Another outcome of my PhD work was Real Time Studio, a tool to model and verify real time systems. The tools allows for a modular design of real time systems using interpreted time Petri nets, and implements all my proposed approaches and several other functionalities related enumerative analysis of real time systems, including CTL, LTL, and TCTL model checkers, and a minimizer under bisimulation. The tool is under constant improvement and several extensions are expected, to widen the scope of its use. Two of these extensions are already in progress; one of them is related to the formal verification computer security, the other one deals with bioinformatics for the simulation of bio-pathways using Hybrid functional Petri Nets (see next picture).

 

Current Reserach

In the computer Security field, I am interested in developing new techniques and tools to verify security properties in open source software application using, mainly push down systems model-checking techniques. In computer forensics, I am interested in developing new techniques and tools to detect malicious activities in communication networks (including wireless networks), like Botnets detection and tracking, and authorship attribution in emails and instant messages. In Image processing I am interested in identifying new modalities for person identification based on multispectral image analysis.

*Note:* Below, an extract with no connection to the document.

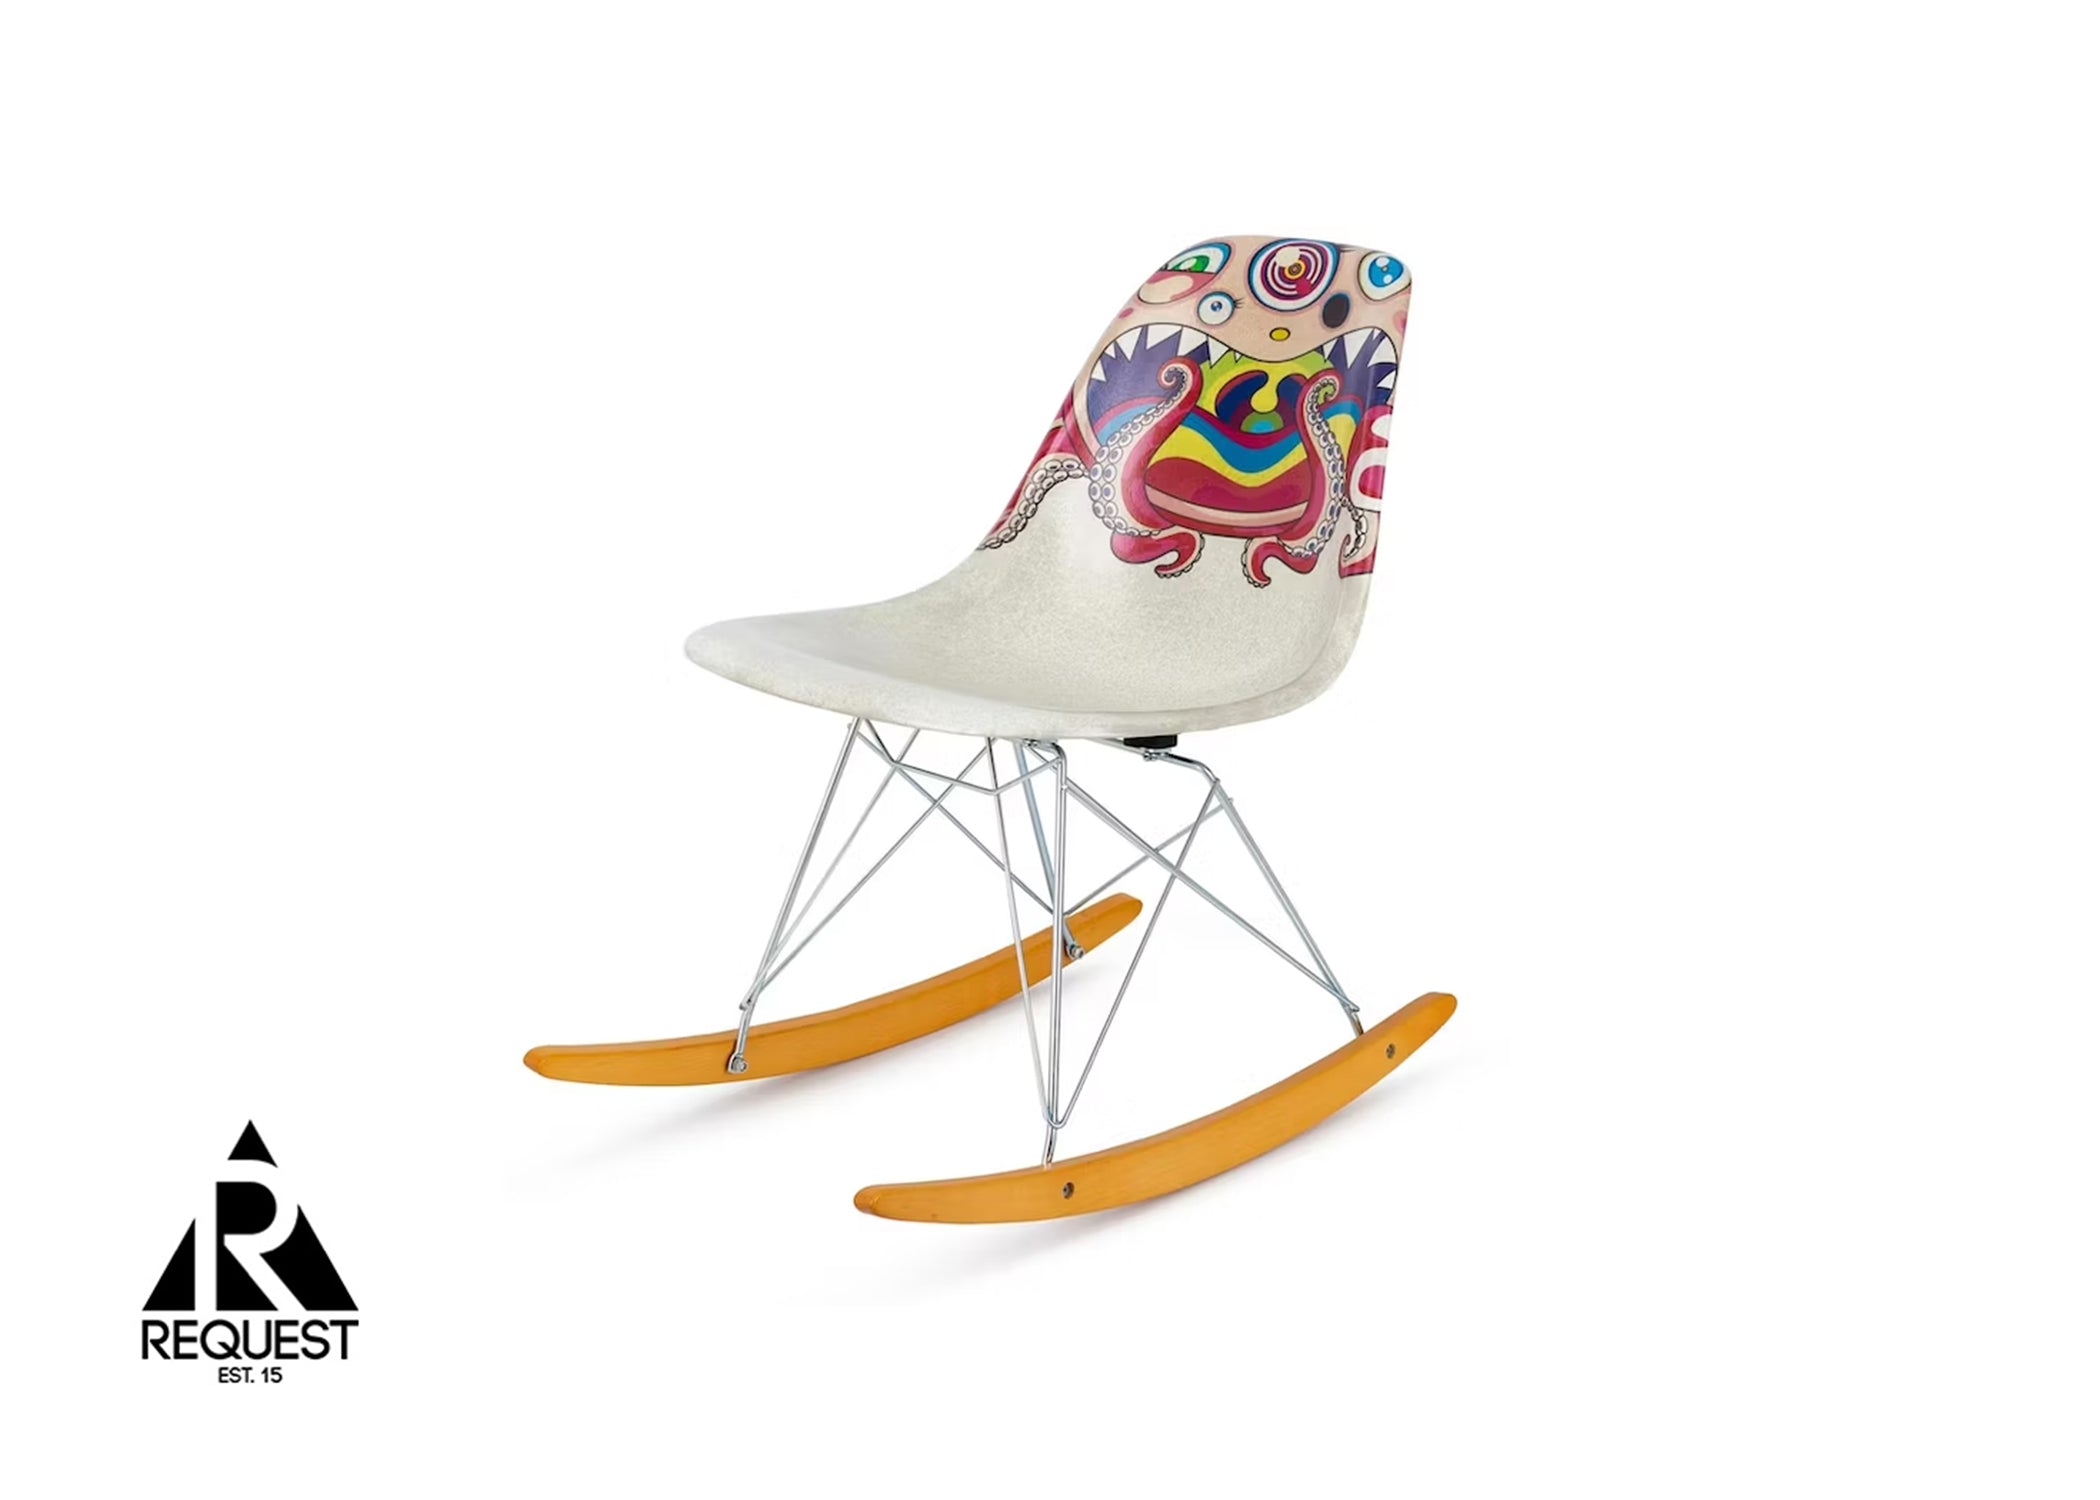 Takashi Murakami x Complexcon x Modernica Dobtopus Rocking Chair

In formal verification, I am interested in developing modular verification techniques for real time systems. These techniques attempt to overcome the state explosion problem inherent to model checking technique, by exploiting the modular structure naturally present in most system designs. Some approaches have already been proposed in the literature where partial order techniques are adapted to timed models. However the results are still not satisfactory to deal with industrial size modes. In parallel, I intend to explore how the verification techniques I proposed can be used to verify security properties for real time systems and cryptographic protocols, using timed extensions of Petri nets, process algebra and timed automata. The application of formal methods to hardware verification is another topic of real interest to me.

On another front, the application of formal methods in bioinformatics seems very promising. The simulation of bio-pathways using Hybrid functional Petri Nets has already proven very effective, and the implementation of such possibility in my tool Real time studio, would certainly open the door for reach collaborations with scientist in that field.